For each new PCB that I make, the layer mapping, layer names, and layer meanings are different.

For example, I might make a 1 layer board, with:
  LAYER GROUP NAME COLOUR
    1 1 solder grey
    2 1 ground dark blue
    3 1 power orange
    4... (unused)

Or I might make an 8 layer board, where the layer mapping begins:
  LAYER GROUP NAME COLOUR
    1 1 solder grey
    2 2 digital_ground dark blue
    3 2 analog_ground dark green #NOT orange!
    4... etc

This example should illustrate that the colour is (by personal preference) a property of the layer's name in that particular PCB design, not a generic property of the layer's number. Likewise, if I change the colour scheme of one board, I don't want that change to apply to an older board when I revisit it.
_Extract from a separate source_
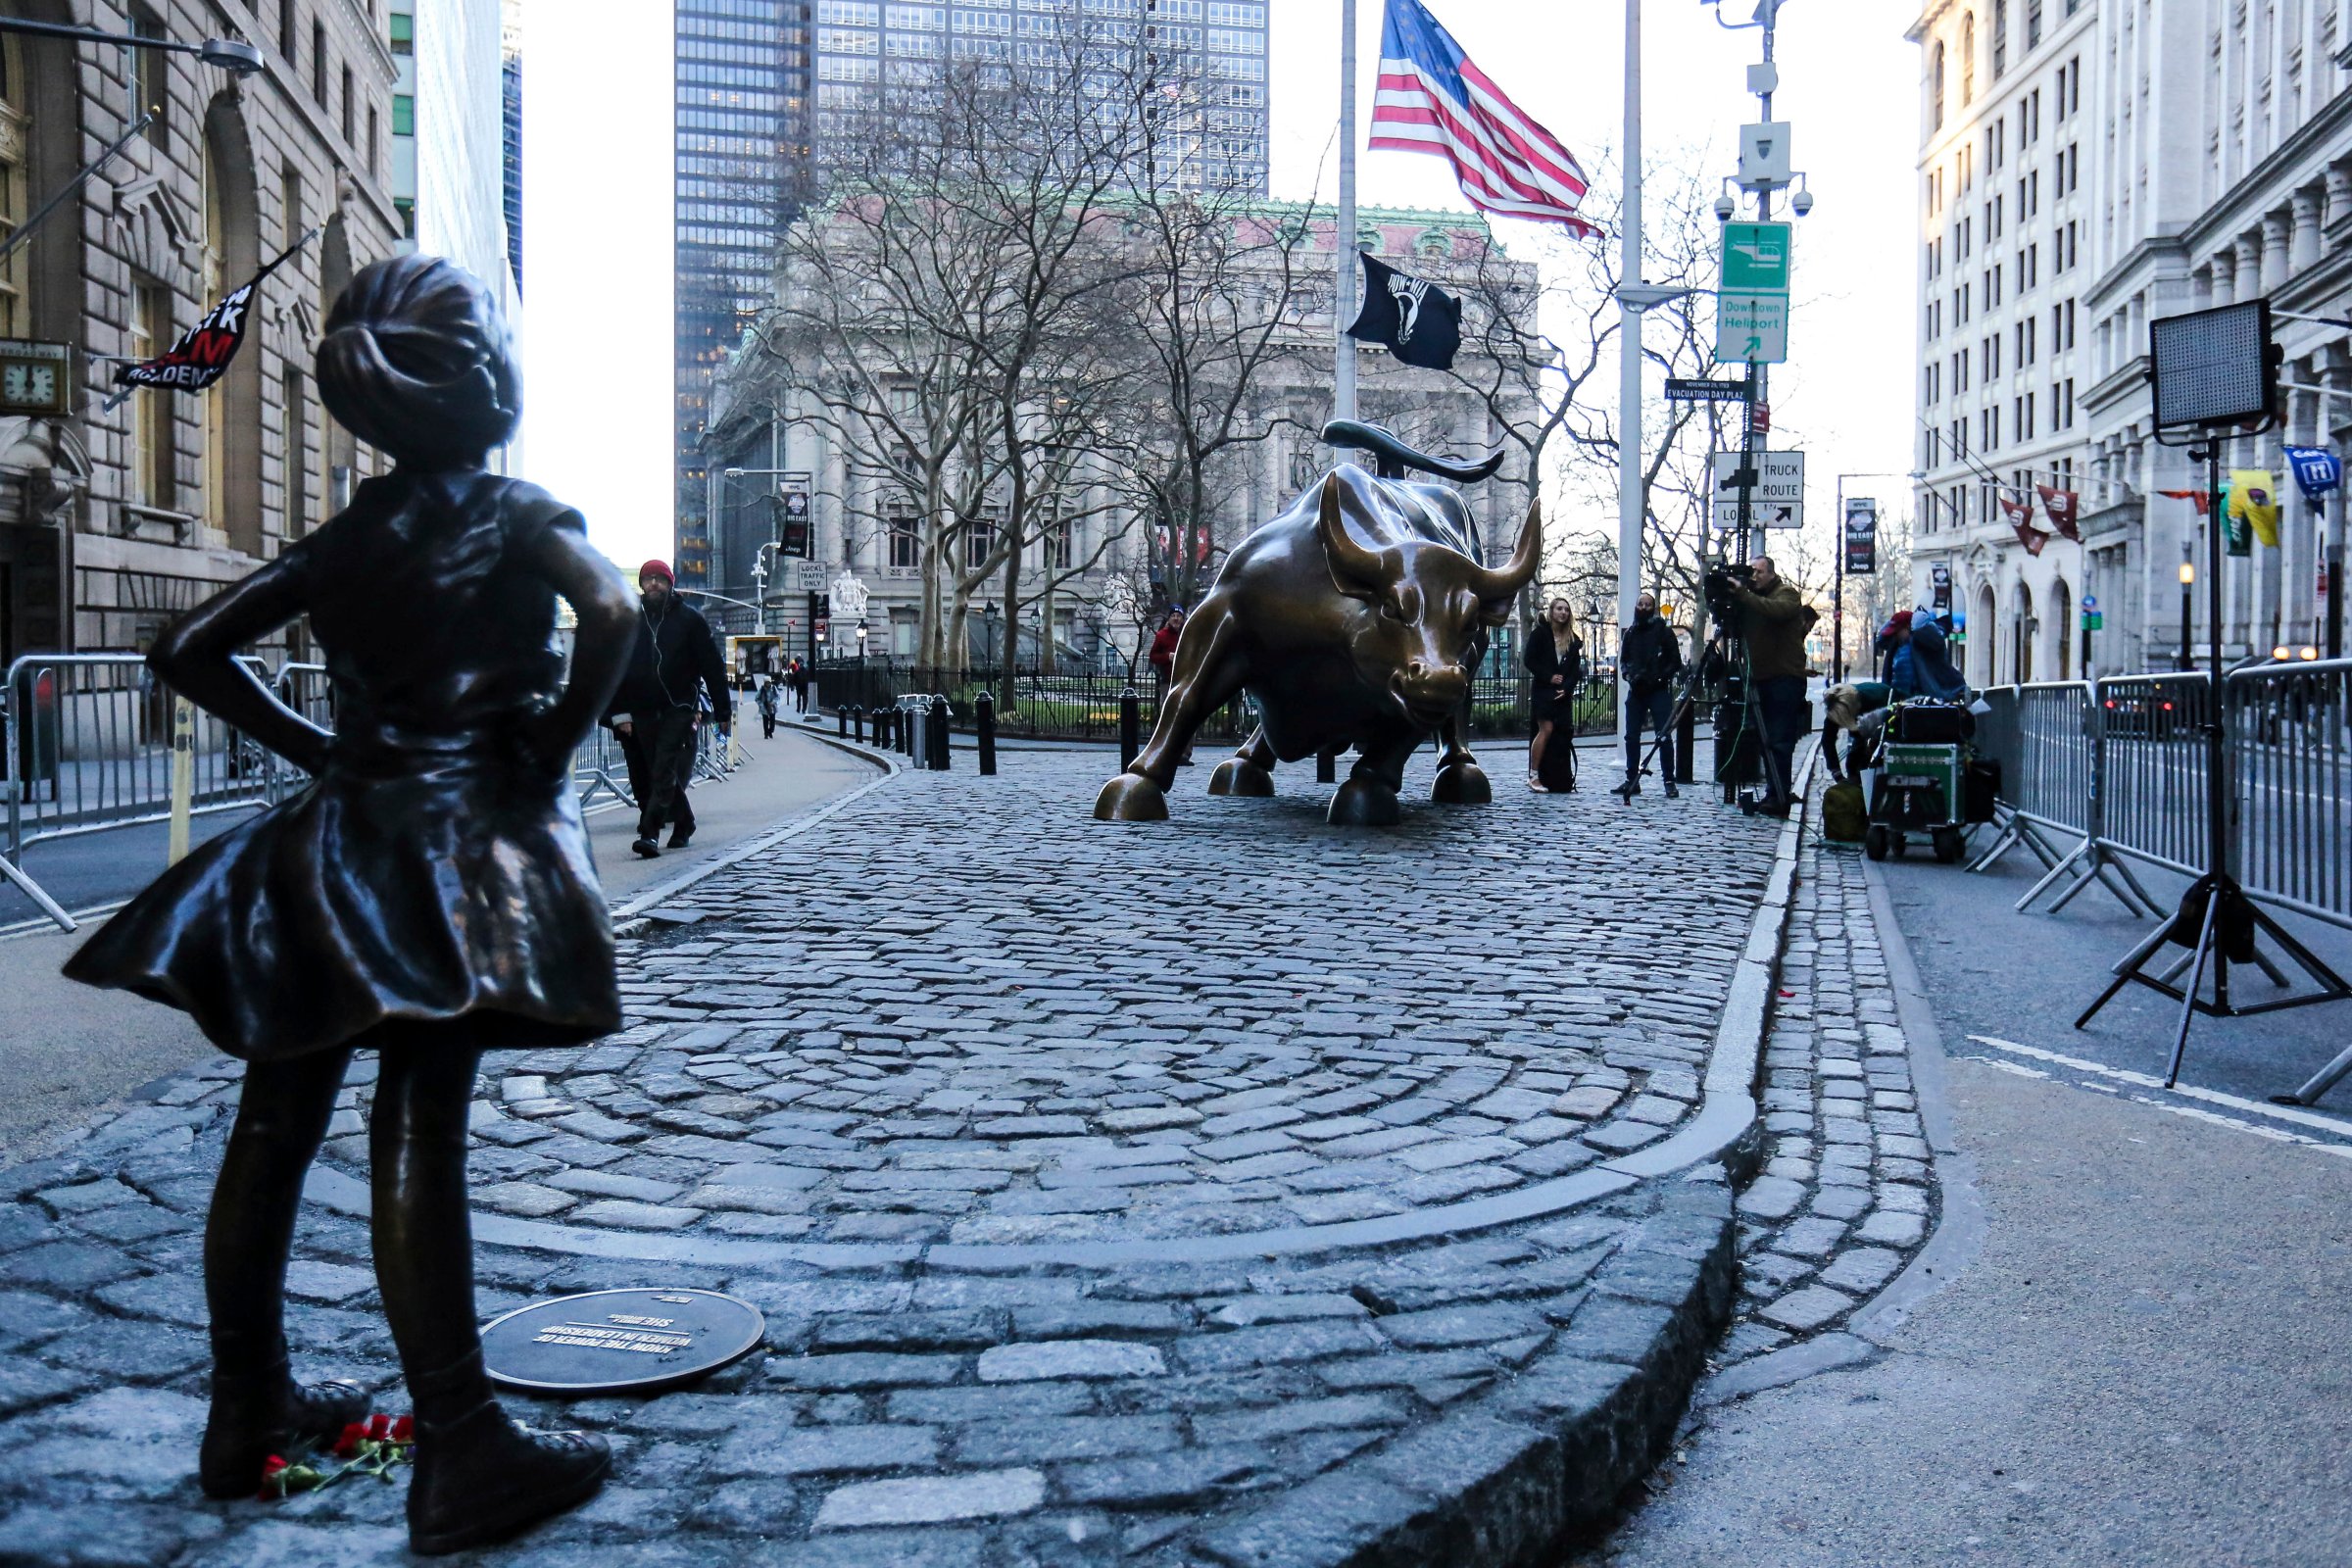 'The Fearless Girl' Statue in New York

Therefore, it's very confusing that the colour scheme is not kept with the rest of the board's metadata (such as name, grid-size, layer-names etc). It's especially problematic when the .pcb file is moved around between computers.

I agree that one's default choices belong in ~/.pcb, but please could you make the .pcb file itself save the colour details.
Thanks.

Revision history for this message
Ineiev (ineiev) wrote :

Actually this is a feature request rather than a bug report; the feature was implemented a year ago;
the patchset lives here:
http://repo.or.cz/w/geda-pcb/dti.git/shortlog/refs/heads/attributes

Revision history for this message
DJ Delorie (djdelorie) wrote :

Moving to the feature request tracker

Revision history for this message
Colin D Bennett (colinb) wrote :

Rather than store the colors directly in the .pcb file, I would prefer seeing logical tags that the user's current color scheme maps to actual colors. I'd like to be able to switch color schemes (e.g., light vs. dark) and have my layout still be readable. Tags such as "top-copper", "bottom-copper", "layer2", "layer3", "top-copper.ground", "top-copper.pwr", etc. would support a wide variety of both 2-layer and 4-layer board configurations.

Also, wherever you define layer colors, you'll need to define all the other colors such as rats, silk, pads, vias, selected line colors, far-side element color, background, etc. since these will need to be visually compatible with the layer colors.

Revision history for this message
RichardNeill (ubuntu-richardneill) wrote :

I still think that we need literal colours; logical tags would be the wrong approach:

1. There would be too many logical tags needed: I can think of a few hundred possibilities, whose colour highlighting is specifically meaningful to the user. On the other hand, the 8 currently in use should be quite chromatically distinct; there aren't that many available colours.

  For example, one might have a 4 layer board, where the 2nd layer contains 3 different types of power (+5,+3.3,+12).
  Or the 3rd layer might be a screen-ground, while the 4th contains analog and digital grounds.
  Or I might have top-copper.analog, top-copper.digital, top-copper.ground

2. I don't think we could define all of the potential logical names in advance (which would be necessary for a colour scheme), and if we make them definable by the user, we hit exactly the same problem now of a layout's colours changing when it is moved between machines, or after the user has worked on a different board. In fact, it's worse than that: on a board with lots of ground-ish planes, one might use 2 shades of blue and 2 shades of green for the various grounds. On a complex logic board, one might use green for ground, but use the blues for something entirely different. So depending on the board itself, one makes different choices of mapping of colour <-> logical tag.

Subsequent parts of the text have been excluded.